Rome, Italy / February 4-6, 2010

Aspergillus species are extremely prevalent in the environment and although many individuals will be extensively exposed to Aspergillus spores, they will at worst be colonized and infection will not develop. There are, however, certain clinical situations in which patients are more susceptible to invasive infection. Immunocompromised patients—e.g. transplant recipients on immunosuppressive regimens and oncology patients after hematopoietic stem cell transplantation or during chemotherapy—are clearly at greater risk. However, other conditions such as HIV/ AIDS, chronic obstruction pulmonary disease and use of steroids or anti-tumour necrosis factor- alpha agents also increase the risk of invasive aspergillosis (IA) (Maschmeyer et al. Drugs 2007;67(11):1567- 601). Physicians often confront diagnostic signs and symptoms that vary widely according to the underlying condition.

Diagnostic Challenges

Aspergillosis infection is confirmed by a positive culture of a sample taken from the suspected site of infection. However, cultures take time and many clinicians believe that early and aggressive treatment is important. In patients with impaired inflammatory response, often radiologic indicators such as the characteristic “halo” sign may not be present. Likewise, the poor condition of the patient may hide tell-tale signs of infection in standard laboratory tests. As a result, investigators have become increasingly interested in specific molecular methods for detecting infection early.

One approach is to monitor levels of galactomannan, a constituent of the cell wall of Aspergillus species, although care is needed in interpretation as many factors can influence the performance of the assay (Mennink- Kersten et al. Lancet Infect Dis 2004;4(6):349-57).

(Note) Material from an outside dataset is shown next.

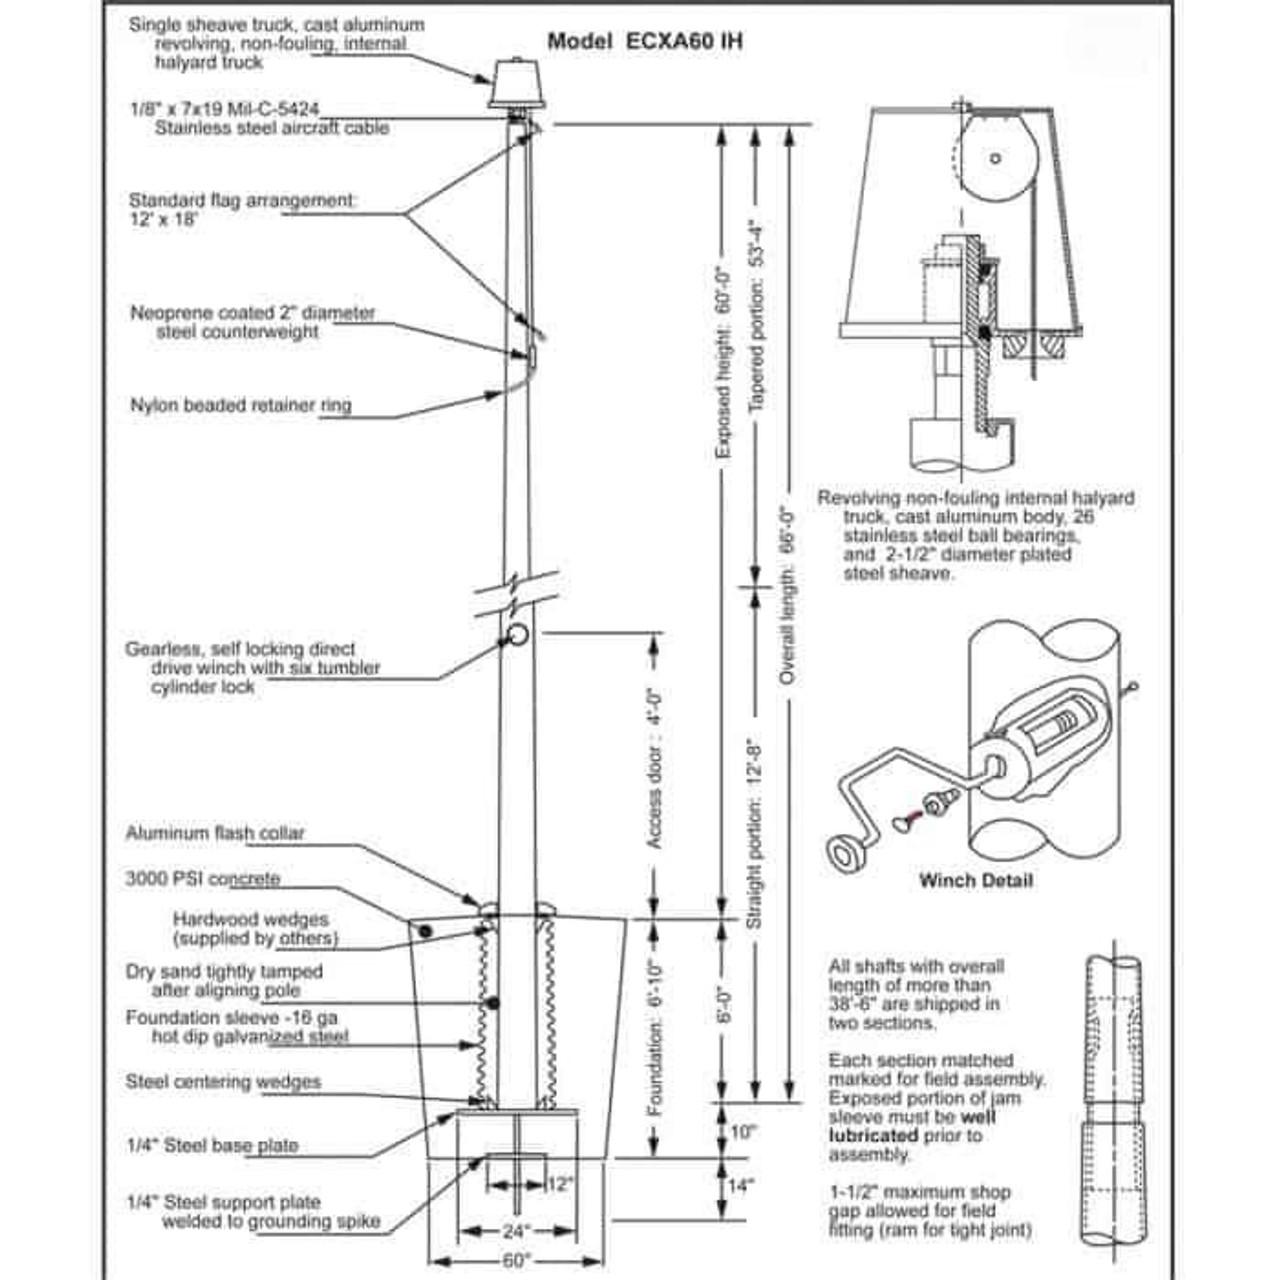 60 Internal Halyard Flagpole w/ Collar ECXA60IH

It has also been suggested that serial galactomannan measurements may be used to monitor the effectiveness of treatment, although there is some concern that treatment may act as a confounding factor in the assay and produce paradoxical effects. For example, the echinocandins, which work by inhibiting glucan synthesis in the cell wall, may actually produce a spike in concentration because of reduced galactomannan binding to the cell wall, even if they are inhibiting fungal growth. A number of studies have, however, shown a correlation between galactomannan levels and outcome, such as one study of 56 neutropenic and non-neutropenic patients with stem cell transplantation (Woods et al. Cancer 2007;110(4):830-4). Survival was significantly greater in patients whose levels of galactomannan normalized (Figure 1). “Serial measurements of galactomannan can be useful,” concluded Dr. Thomas Patterson, University of Texas, San Antonio, “but they should be interpreted with other clinical indicators of outcome.”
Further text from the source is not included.